Plant City-area growers received favorable labor supplies during last year’s winter berry season until the worker pool tightened in mid- to late April when the region’s blueberries and other vegetables started, Wishnatzki said.
One day in early October, the Dundee Citrus Growers Association, Dundee, Fla., hosted a worker orientation and processing day for workers the grower-shipper employs from Mexico.
Buses parked outside a large new Lake Hamilton, Fla., warehouse Dundee constructed to house its gift fruit division.
Statewide Harvesting & Handling LLC, Dundee’s caretaking division, brought three groups of workers into the facility to process each worker’s paperwork.
Lake Hamilton-based Florida Classic Growers, which used to call itself Diversified Citrus Marketing, markets Dundee’s fruit.
Statewide uses biometric fingerprinting scanning and an electronic timekeeping system to verify identification. The scanning registers when a worker begins working in the U.S.
Adam Pate, Statewide’s president, said Dundee processed 102 of the nearly 300 workers it needs to harvest and pack its fruit in less than five hours.
Though he calls the H-2A program difficult, Pate said growers have to use it or they couldn’t harvest their crops. He said Dundee successfully secures new and returning workers through the cumbersome program.
“This is extremely critical we do this,” Pate said.
“There is not enough domestic labor here to do what we need to do.”
After finishing processing, Statewide goes beyond the H-2A program’s requirements and provides its workers a $1,000 cash advance so they can buy groceries and other personal items.
The H-2A program requires participating growers to provide housing and transportation to and from work.
Though Dundee advertises for domestic help, few apply.
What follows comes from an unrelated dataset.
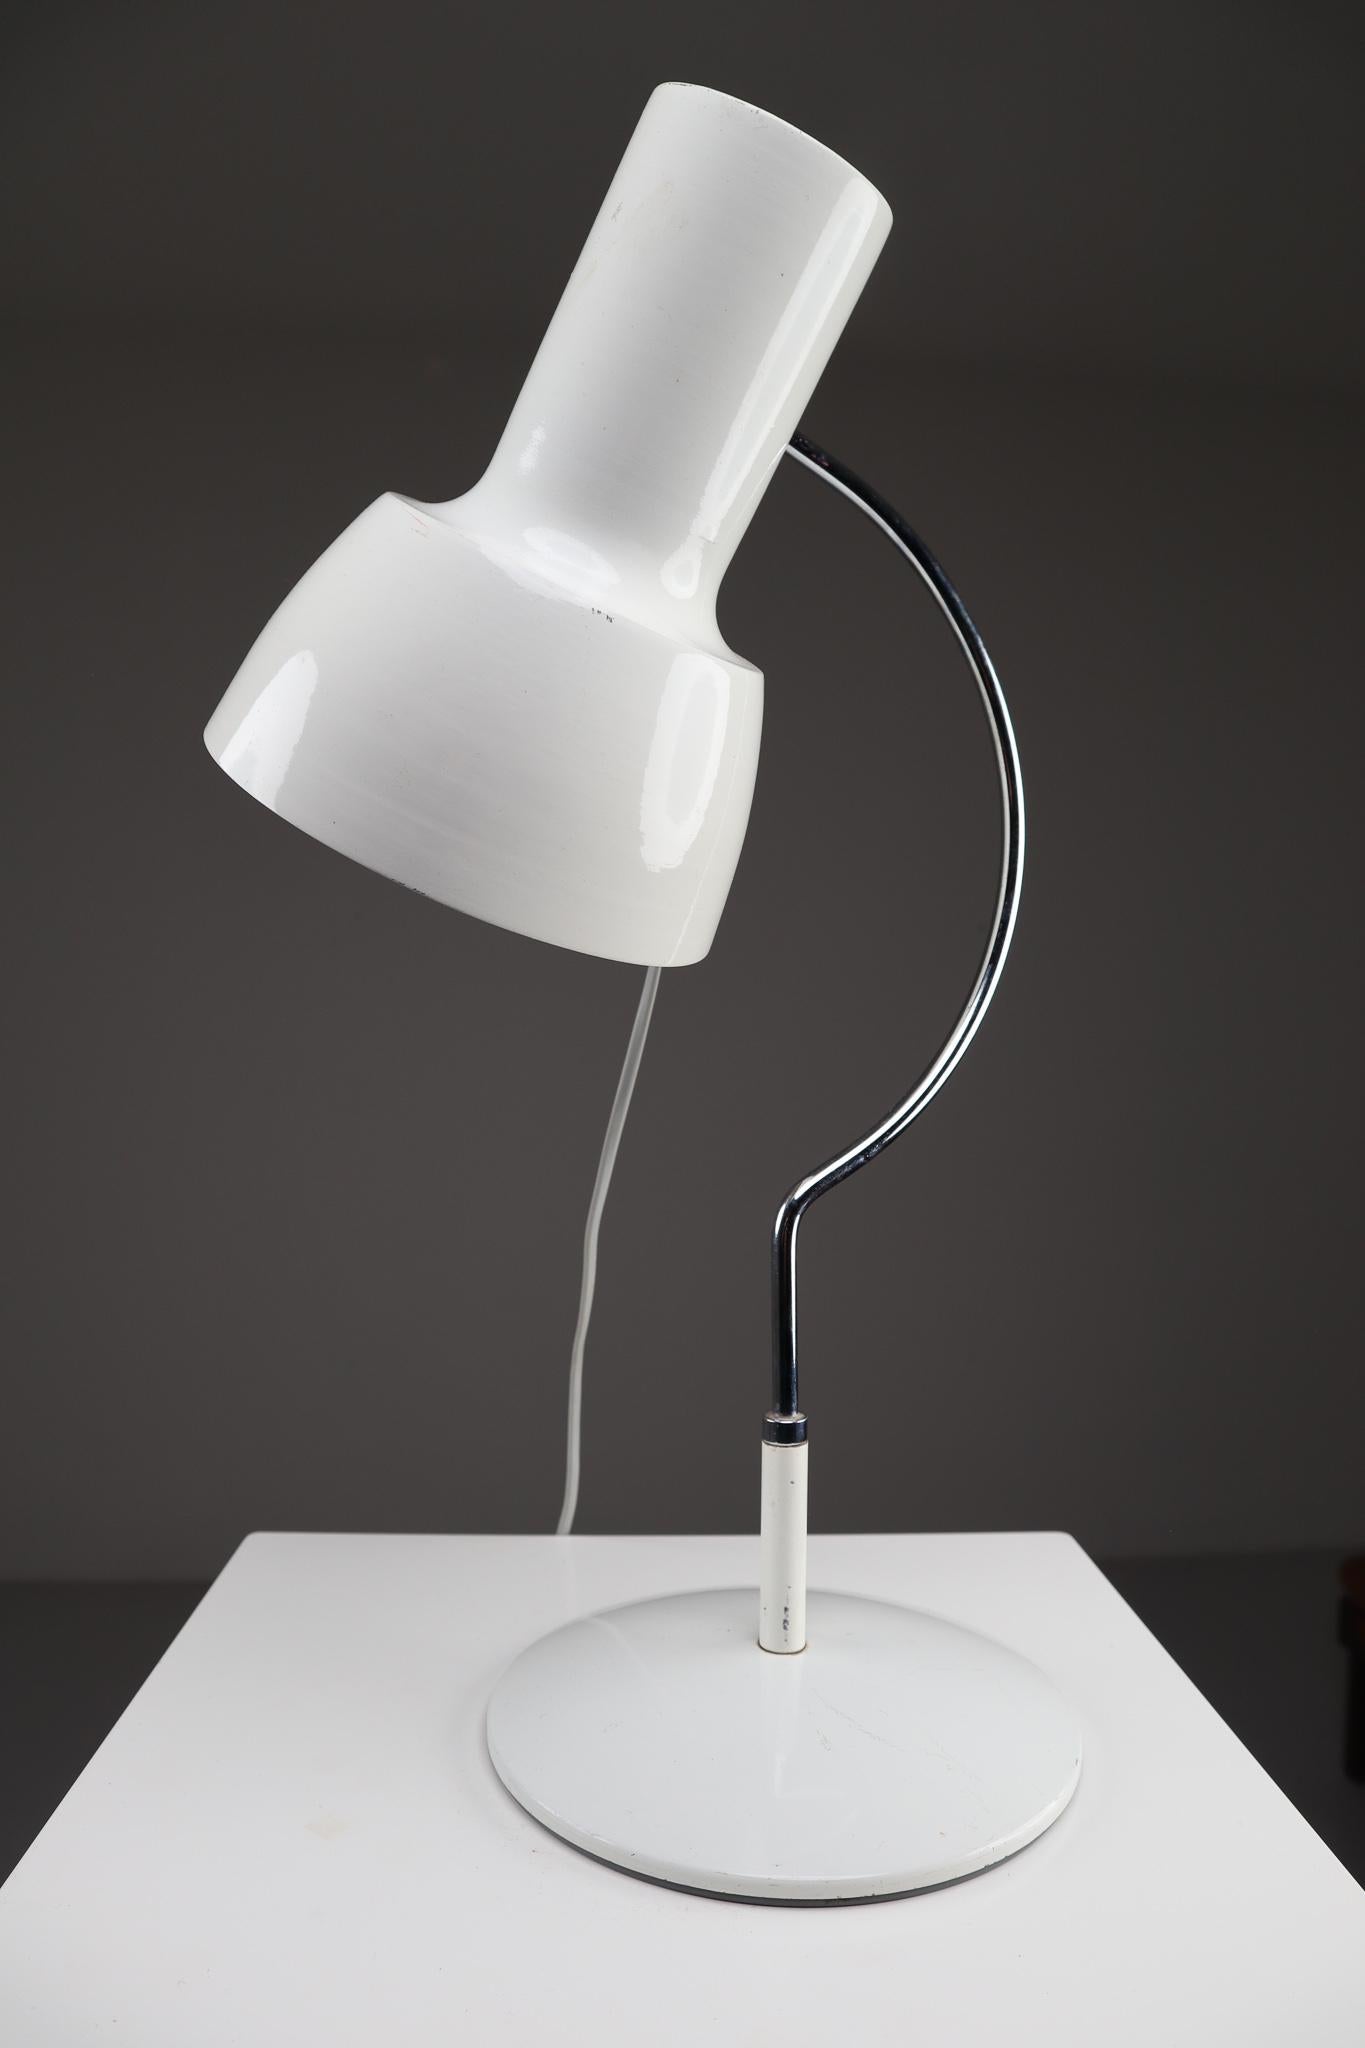 White midcentury table lamp was designed by Josef Hurka for Napako mid-1960s. This piece has been attributed based on archival documentation, such as vintage catalogs, designer records, or other literature sources. The lights are compatible with the

Last season, 18 non-immigrants applied but all quit.
“We have to advertise locally for local help 70 days before the date of need,” said Bobby Bawcum, Florida Classic’s president.
“Every week, we have two to three apply. But they don’t last more than a day or two. This despite us paying them $7.31-9.50 an hour, which is above the local minimum wage.”
Wishnatzki says it seems ironic growers must endure labor problems.
Depending on the time of the year, workers can average $10-15 an hour and earn decent money on the piece rates growers pay them.
People not used to the grueling work also don’t want to endure the migratory nature of harvesting.
The ones that try aren’t usually that good at it and end up costing growers four to five times more compared to the experienced workers, Wishnatzki said.
Why any industry would have difficulty attracting workers, especially during a moribund U.S. economy that’s produced high unemployment, remains an enigma.